DeepSeek-V2-Lite-Chat
Property | Value |
---|---|
Parameter Count | 15.7B (2.4B active) |
Model Type | Mixture-of-Experts (MoE) |
Context Length | 32k tokens |
License | DeepSeek License |
Paper | arXiv:2405.04434 |
What is DeepSeek-V2-Lite-Chat?
DeepSeek-V2-Lite-Chat is an innovative language model that combines efficiency with powerful capabilities through its Mixture-of-Experts architecture. Built on advanced technologies including Multi-head Latent Attention (MLA) and DeepSeekMoE, it achieves impressive performance while maintaining deployability on a single 40GB GPU.
Implementation Details
The model features 27 layers with a hidden dimension of 2048 and employs 16 attention heads. Its architecture incorporates MLA with a KV compression dimension of 512, and utilizes a sophisticated MoE system with 2 shared experts and 64 routed experts, where 6 experts are activated per token. The model has been trained on 5.7T tokens and can process sequences up to 32k tokens in length.

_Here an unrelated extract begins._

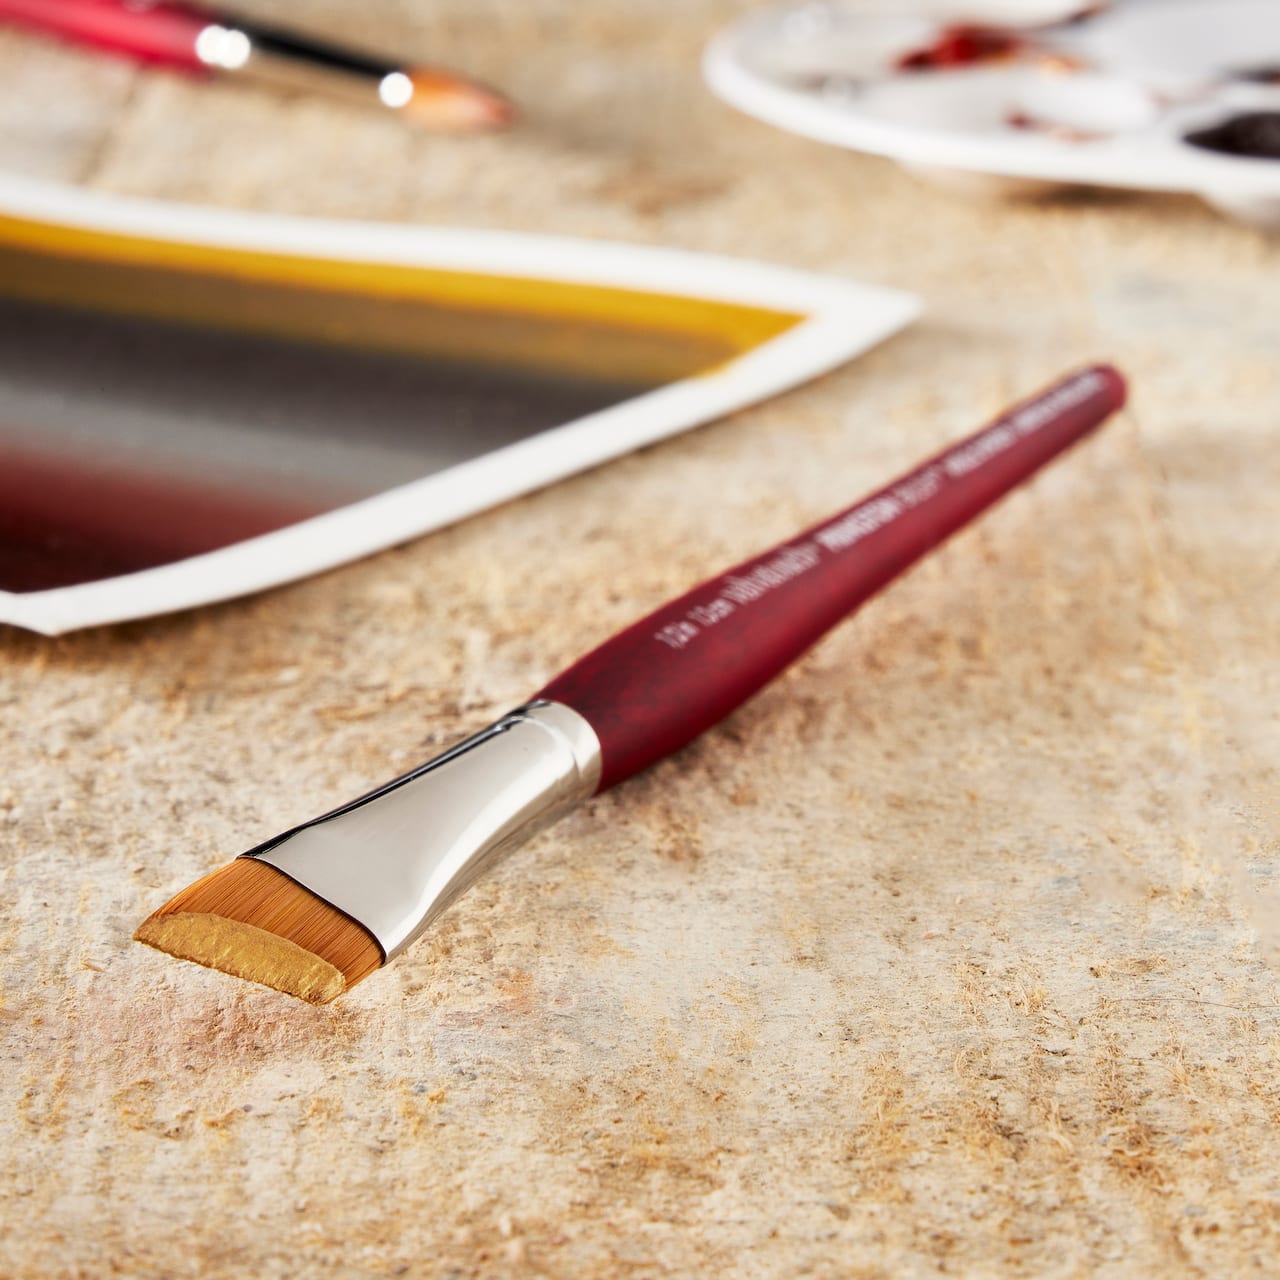 Princeton™ Velvetouch™ Series 3950 Angle Shader Brush

- Innovative MLA architecture for efficient key-value cache compression
- DeepSeekMoE implementation for economical training and inference
- BF16 tensor format for optimal performance
- Sophisticated expert routing system with 6 active experts per token
Core Capabilities
- Strong performance on MMLU (55.7%), BBH (48.1%), and GSM8K (72.0%)
- Excellent multilingual capabilities with high scores on C-Eval (60.1%) and CMMLU (62.5%)
- Advanced code generation abilities with 57.3% on HumanEval
- Mathematical reasoning capabilities demonstrated through Math benchmark (27.9%)
Frequently Asked Questions
Q: What makes this model unique?
The model's distinctive feature is its efficient architecture that achieves high performance with only 2.4B active parameters out of 15.7B total parameters, making it deployable on a single GPU while maintaining competitive performance with larger models.
Q: What are the recommended use cases?
DeepSeek-V2-Lite-Chat excels in various applications including multilingual tasks, code generation, mathematical reasoning, and general language understanding. It's particularly suitable for scenarios requiring efficient deployment while maintaining high-quality outputs.